One of the lines of that song is "Morning by morning new mercies I
see." The song is based on Lamentations 3:22-23, which states (in the
King James Version): "It is of the Lord's mercies that we are not consumed, because his compassions fail not. They are new every morning: great is thy faithfulness." God's mercies are present on a day-by-day basis.
I
thought about a contemporary Christian song that I used to hear on the
radio to and from work. It's by Out of the Grey, and it's called "If I
Know You" (click here to listen). The chorus goes: "If I know You, You will turn this day into a perfect surprise.
If I know You like I think I do the worst of times will work out
right." At the end of the song, the chorus says "If I know You like I know I do", rather than "like I think I do" (emphasis mine).

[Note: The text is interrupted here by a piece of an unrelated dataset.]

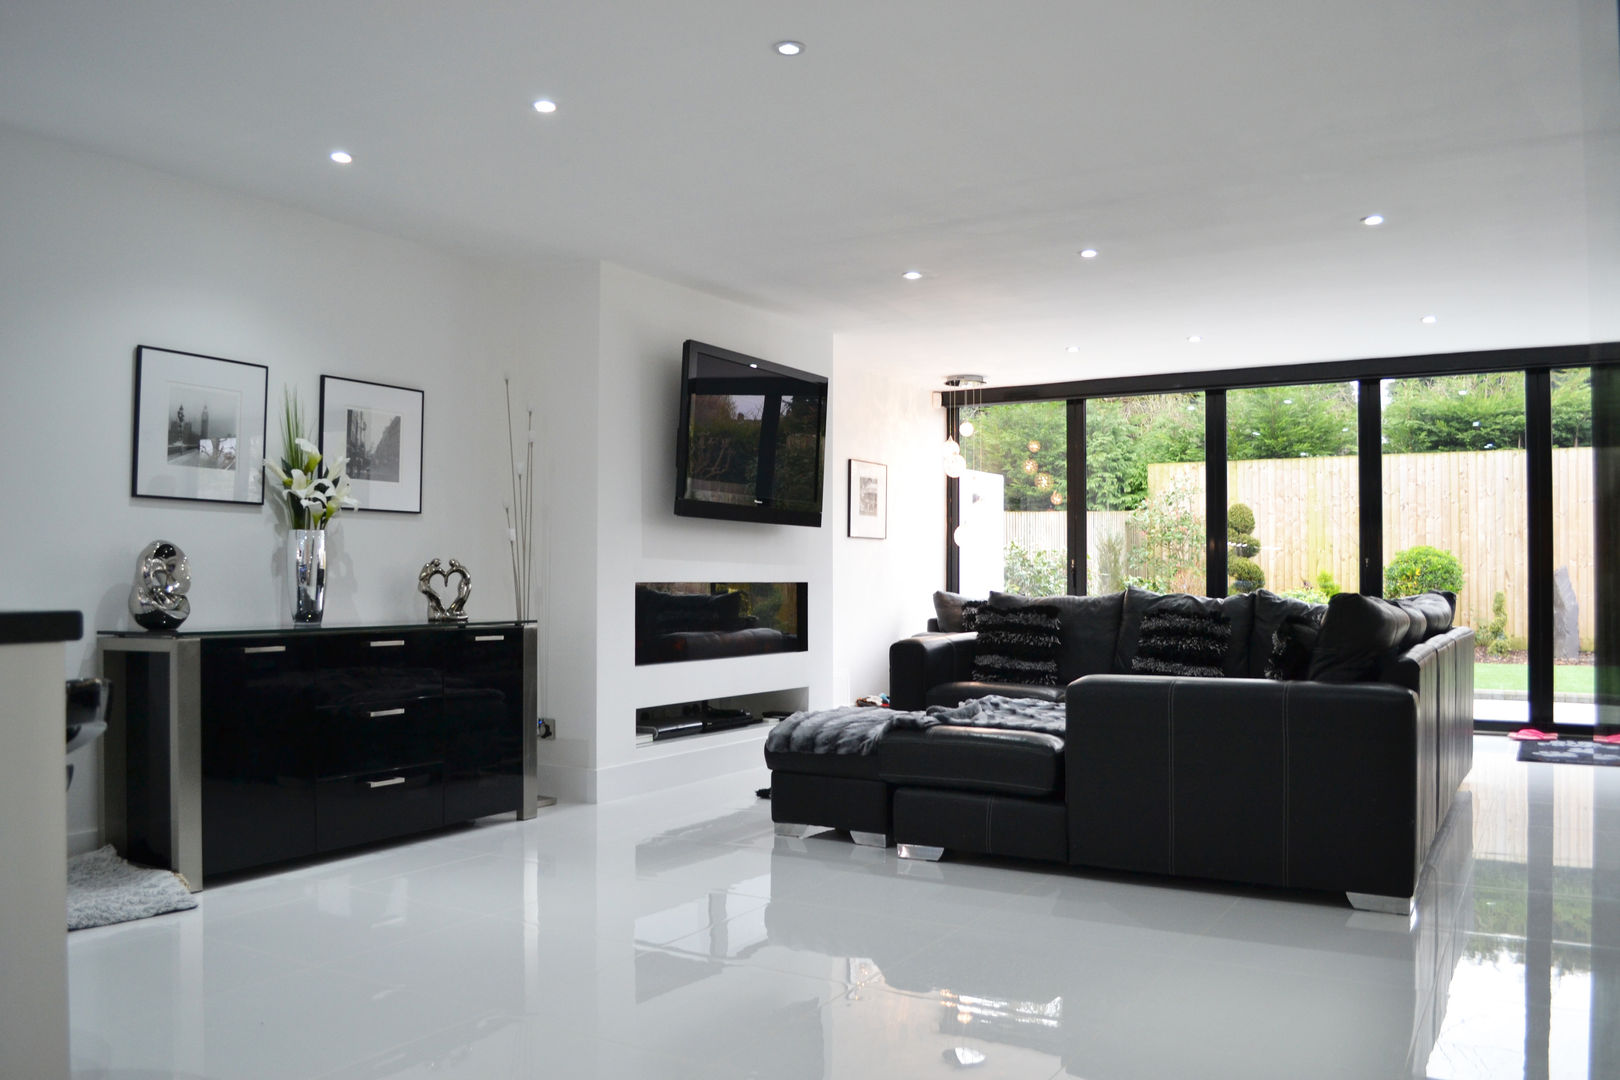 Main Living Room - As Built Arc 3 Architects & Chartered Surveyors Living room
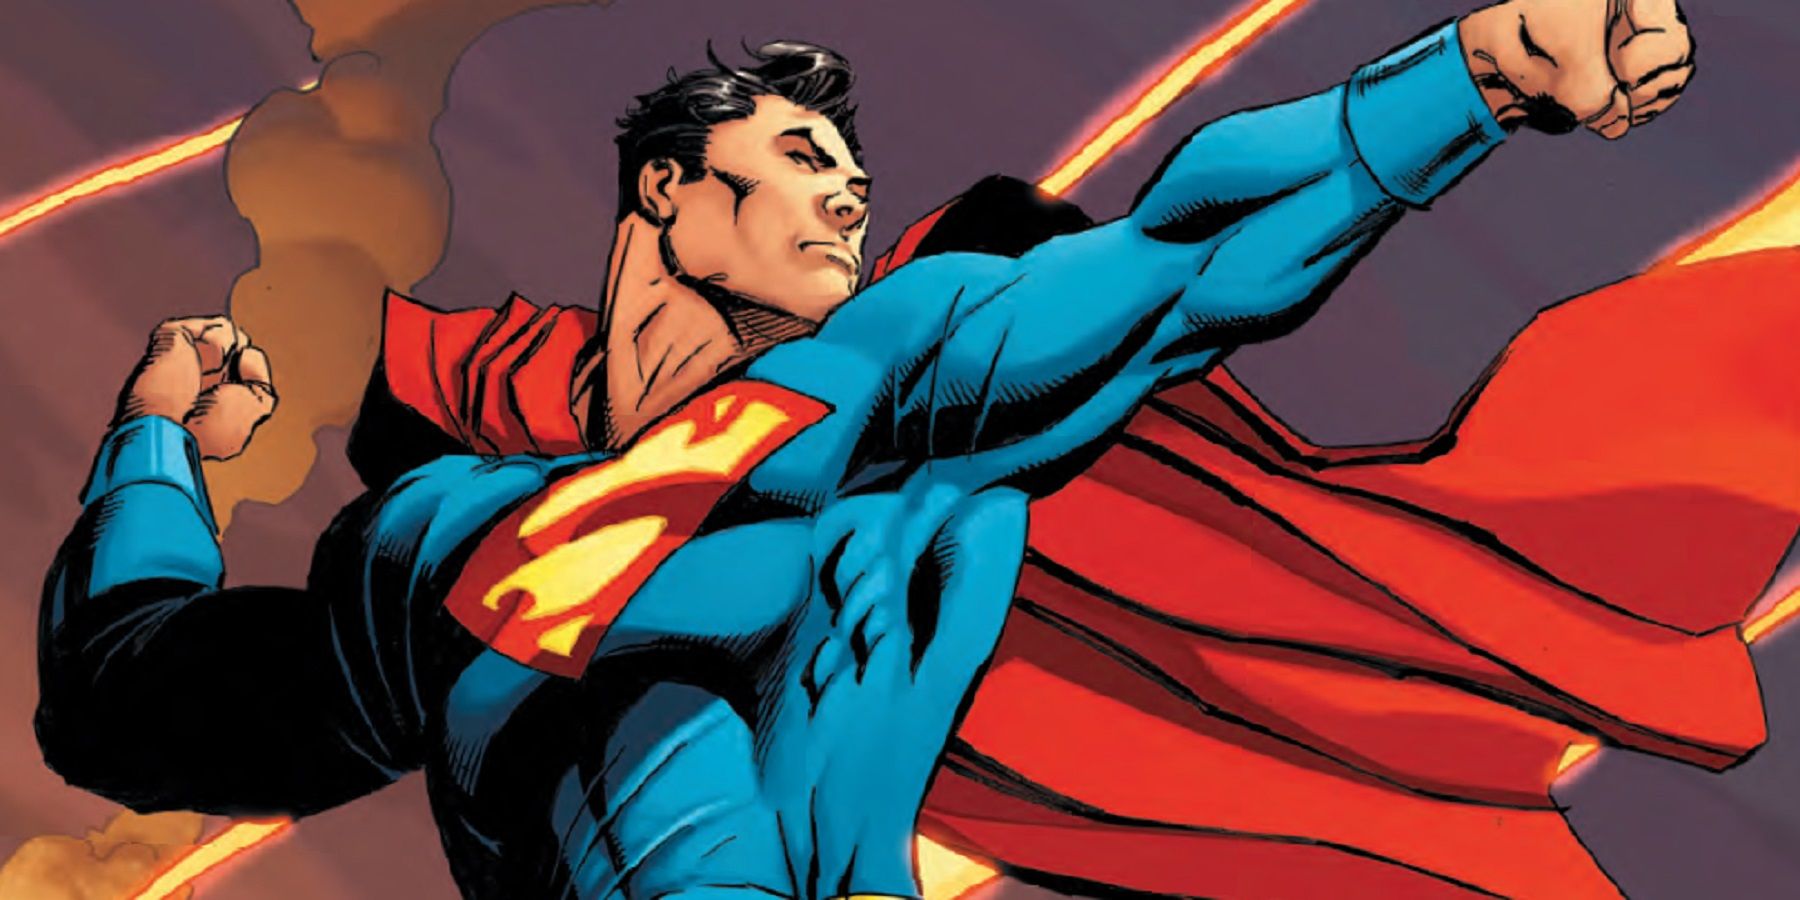 DC Comics' Superman Pointing One Fist Sideways & The Other Up

The idea seems to be that God can turn things around for the better on a daily
basis in our lives. It's not just a matter of plowing through each
day, hoping for some distant breakthrough. Rather, God can turn this day
into a perfect surprise. Each day, I can see God's mercies. And the
latter was said during a time of profound lamentation, when Jerusalem
was experiencing things that many of us probably cannot imagine.
I
remember someone giving a testimony at a church that I attended a while
back. She was arguing with her husband earlier one day, and later in
the day he bought his dream-car for a good price. Her husband was
amazed that his day turned out that way! Her response was, "That's the
way God works." Or there was Joyce Meyer, who said in a sermon that God
knew she likes coffee, and God arranged for her to have a gift-card to a
coffee-shop (I'm saying this from memory, which may be imperfect). Her
point was that God may drop little gifts into our lives out of his love
for us.
Many may read that and see it as
rather shallow. But, on some level, I can identify with people looking
to God to make their day better. When I am depressed, I hope and pray
that something will soon happen that will make me happier, or
that at least will alleviate my depression. I hope that God will turn
my day into a perfect surprise.
To what
extent I can call this outlook a "one-size-fits-all" approach, I do not
know. Can I tell someone with clinical depression to cheer up because
God will turn his or her day into a perfect surprise? What about the
Third World? For that matter, what about the people in the First World
who work long hours for little pay, or people who are hit with heavy
medical bills? I believe that, in some sense, we can see God's mercies
all around us: in the sunrise, the sunset, etc. But, when it comes to
God's involvement in the lives of specific human beings, I wonder where
God is in the situations I just mentioned. I once asked that question
in a Bible study group, and the leader responded that poor people can
experience God at a deeper level than the privileged, since they depend
on God more. Then, he smugly chided me for asking my question, saying
that I didn't know much about the issue from my position of middle-class
privilege----even though he himself came from middle-class privilege.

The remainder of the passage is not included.